Но по каким причинам мне так нравилось командовать взводом пехотинцев? И где я смогу найти замену этому занятию?
Я вернулся к себе и лег в постель, оставив протез стоять возле стены, точно часовой.
Сон не шел.
Пожалуй, впервые за все время после ранения я увидел свое будущее в истинном свете. И мне страшно не понравилось то, что я увидел.
«Почему именно я? — задал я все тот же вопрос. — Почему ранили меня, а не кого-то другого?»
Да, я ненавидел талибов, ненавидел жизнь в целом и свою судьбу, которая столь сурово обошлась со мной. Но более всего я ненавидел самого себя.
Почему я допустил, чтоб такое произошло? Почему? Почему?..
И что мне теперь делать?
Почему я?..
Я еще долго лежал без сна, безуспешно пытаясь найти ответы на эти вопросы. Ответов на них не было и быть не могло.
* * *
Утром я сразу приступил к делу — идентификации шантажиста, возвращению документов и денег матери, улаживанию проблем с налоговиками. Сказать легко. Но с чего начать?
Родерик Уорд, бухгалтер. Он был архитектором этого несчастья, так что первая и главная цель — обнаружить местонахождение этого человека, и неважно, жив он или мертв. Откуда он взялся? Был ли квалифицированным специалистом или же это тоже ложь? Были ли у него сообщники или он работал в одиночку?
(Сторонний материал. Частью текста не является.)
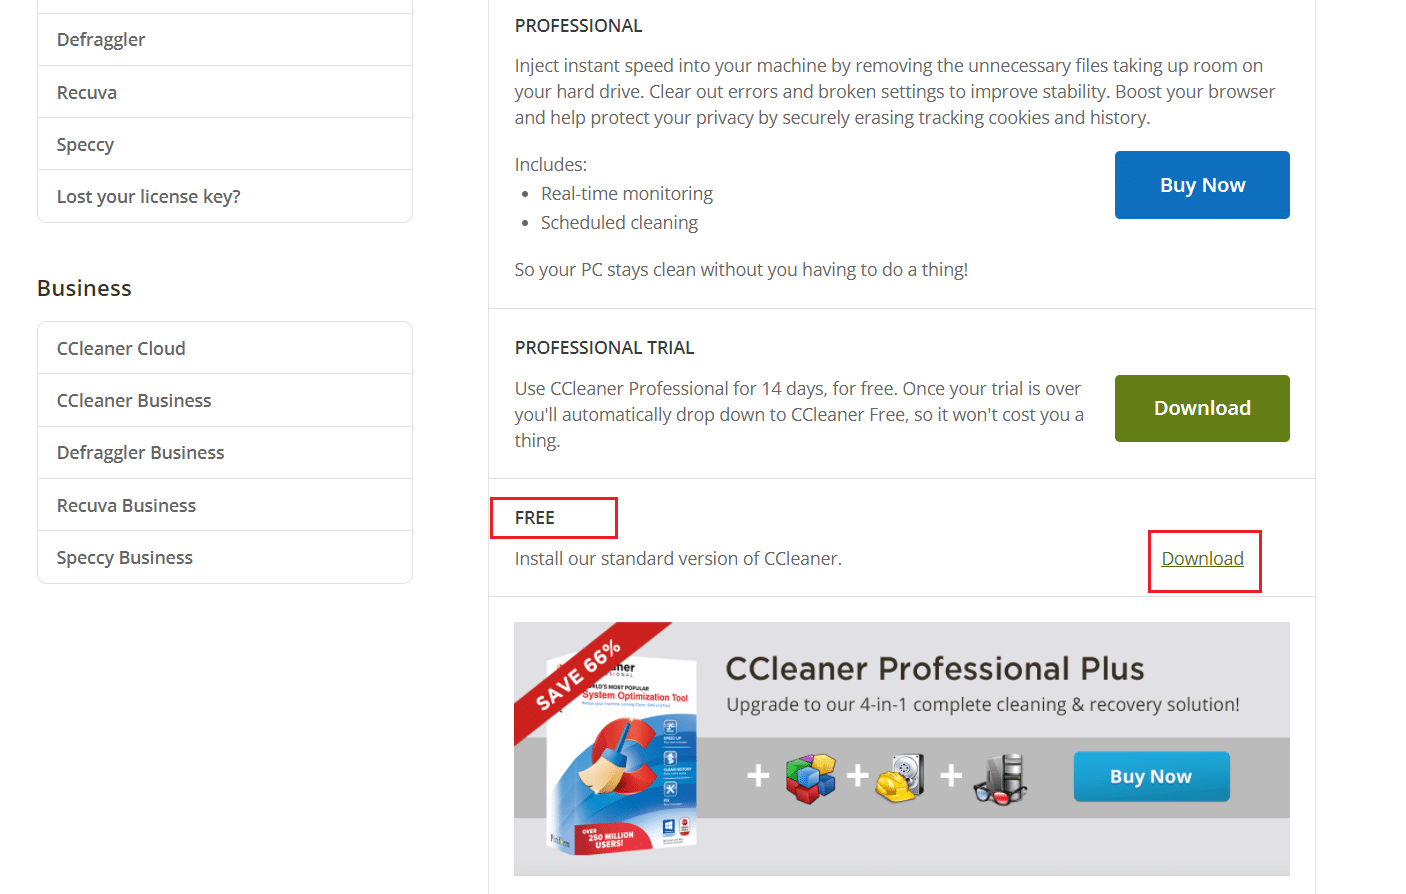 прокрутите вниз, чтобы найти бесплатную опцию, и нажмите «Загрузить», чтобы загрузить CCleaner.

Слишком много вопросов.
По телефону в гостиной я позвонил Изабелле Уоррен.
— О, привет, — сказала она. — Так мы опять разговариваем?
— Почему нет? — спросил я.
— Причин нет, — ответила она. — Просто показалось, ты был разочарован.
Был, но если перестать говорить с людьми, которые меня разочаровали, говорить скоро будет и вовсе не с кем.
— Что сегодня делаешь? — спросил я ее.
— Ничего особенного, — ответила она. — Как обычно.
Раздражение в голосе или мне показалось?
— Как насчет того, чтобы немного мне помочь?
— Без бонусных выплат?
— Без, — ответил я. — Обещаю. Ни разу больше об этом не заикнусь.
— Ничего не имею против твоей просьбы, — рассмеялась она. — Если ты, конечно, не обидишься, получив отказ.
«Уж лучше б не спрашивал», — подумал я, поскольку очень не любил отказы.
— Сможешь заехать за мной в десять? — спросил я.
— А я-то думала, ты больше никогда не позволишь мне вести машину, — со смехом заметила она.
— Придется рискнуть, — сказал я. — Мне надо съездить в Ньюбери, а там всегда проблемы с парковкой.
— Но разве ты не имеешь права парковаться где угодно? — вставила она. — С этой твоей ногой?